Carlos Alcaraz aside, this new tennis gives the field to hesitant tennis players, sometimes over the top.

Daniil Medvedev (27) hesitates: in the semifinal of the Masters 1,000 in Rome, the Russian takes revenge on Stéfanos Tsitsipás by dancing mockingly.

And Holger Rune (20), a newly minted Dane, generation partner of Alcaraz, Sinner and Korda, hesitates, who wears the visor of his cap backwards, like naughty children, and calls out for someone to bring him down to earth, like when he faced Casper Ruud at Roland Garros, in 2022, and the Norwegian asked him:

-Moderate your manners.

(For, among other niceties, Rune had expelled his own mother from the platform.)

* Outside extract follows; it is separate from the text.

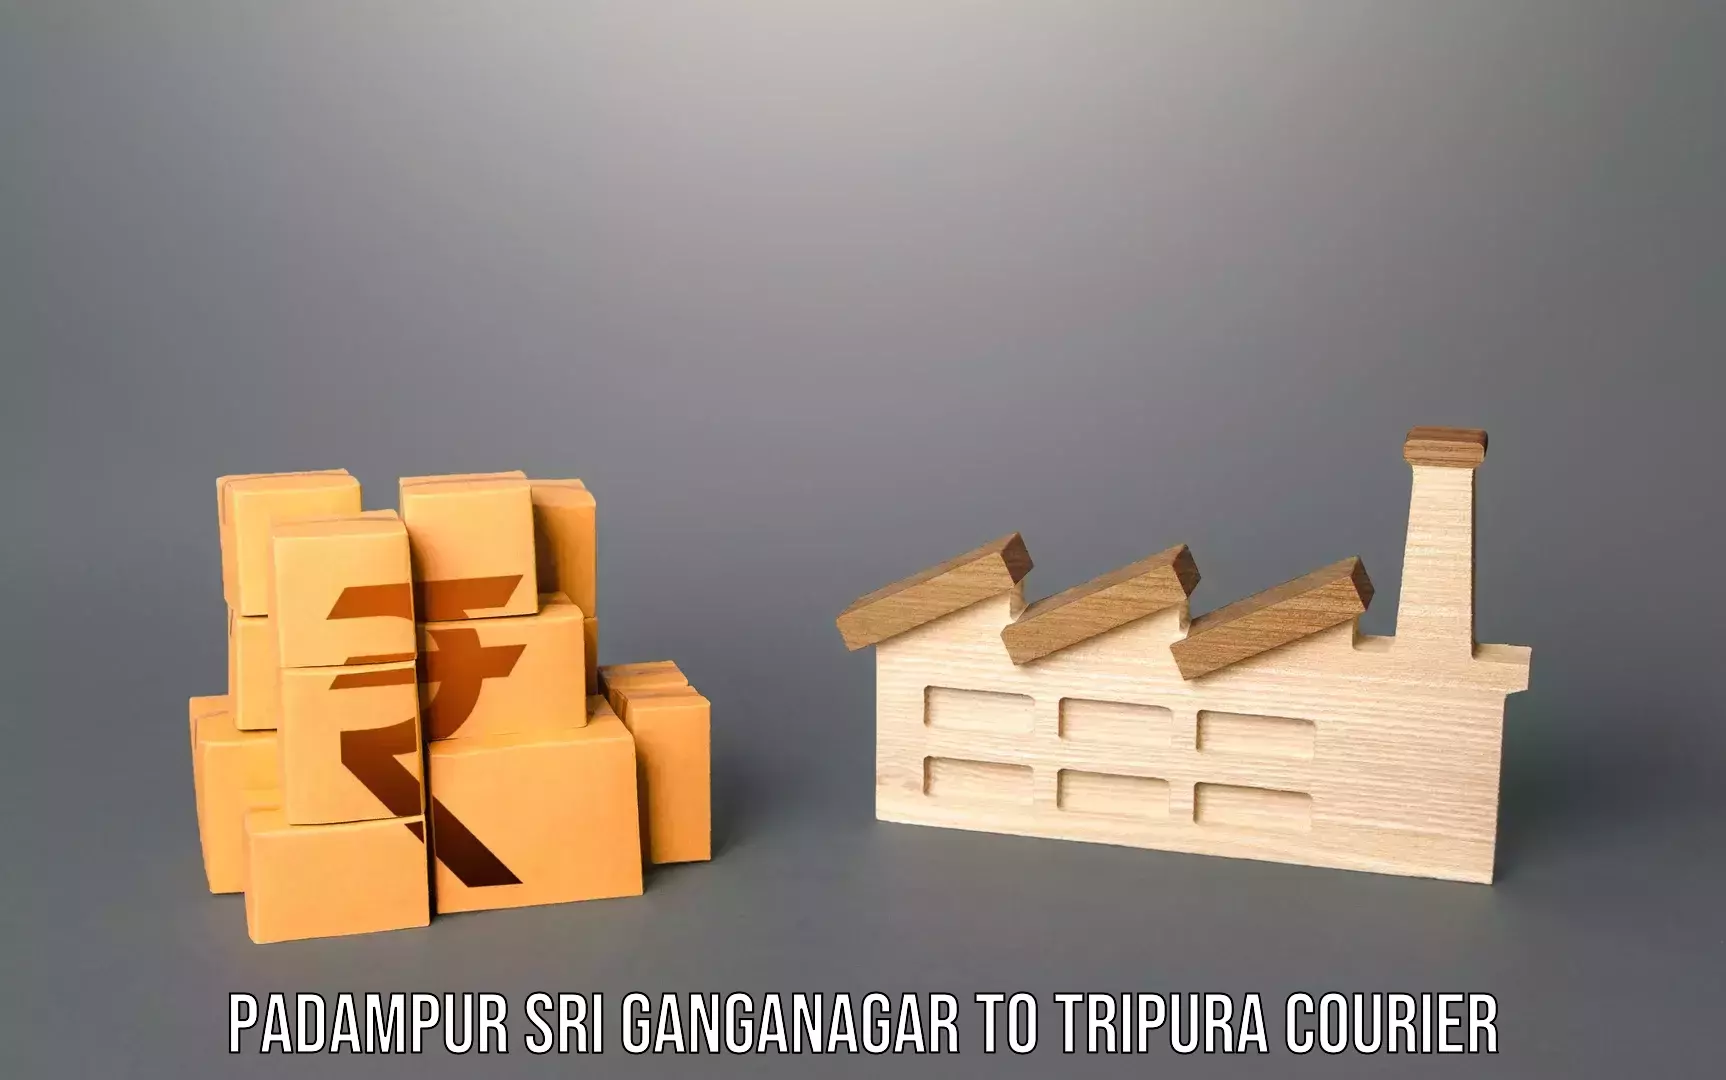 Luggage delivery calculator Padampur Sri Ganganagar to Udaipur Tripura

In the fight between these two wavers, this Sunday at the Foro Italico in Rome, the Russian prevails, more catlike when he plays the rest, more successful in the decisive moments, in the outcomes of each of the sleeves: double 7-5 .

More experienced, in short, since he already has 22 titles on the ATP circuit, five of them in this 2023, and has been the world leader in 2022, and has won a US Open and has been the most insistent of the members of the Next Gen , the most inquisitive when it comes to standing up to the decayed Big Three (Djokovic, Nadal and Federer).

Medvedev's display appeases Rune, who plays like Alcaraz, testing drop shots and lobs, exceptionally dynamic and daring on court, a guy who enjoys managing points, trying things, breaking the rules.

His audacity weighs him down this time, but in no way limits him.

On the eve of the Grand Slam on clay, the Roland Garros whose small team starts this Monday, things seem to be mixed up on the current circuit.

Paris will not contemplate the prodigious Nadal, the only tennis player whose sculpture shines in the Roland Garros venue.

Nor will Federer appear, retired in tears a year ago, the world longs for him.

Djokovic has doubts, mired in a pothole on clay (in Monte Carlo Musetti knocked him out in the third round; in Banja Luka, Lajovic in the quarterfinals; in Rome, Rune, also in the quarterfinals).

And Alcaraz, who this Monday will dawn as the leader of the circuit, suffered exceptionally at the Mutua Madrid Open, before defeating Struff, and has crashed these days in Rome against the semi-unknown Marozsan.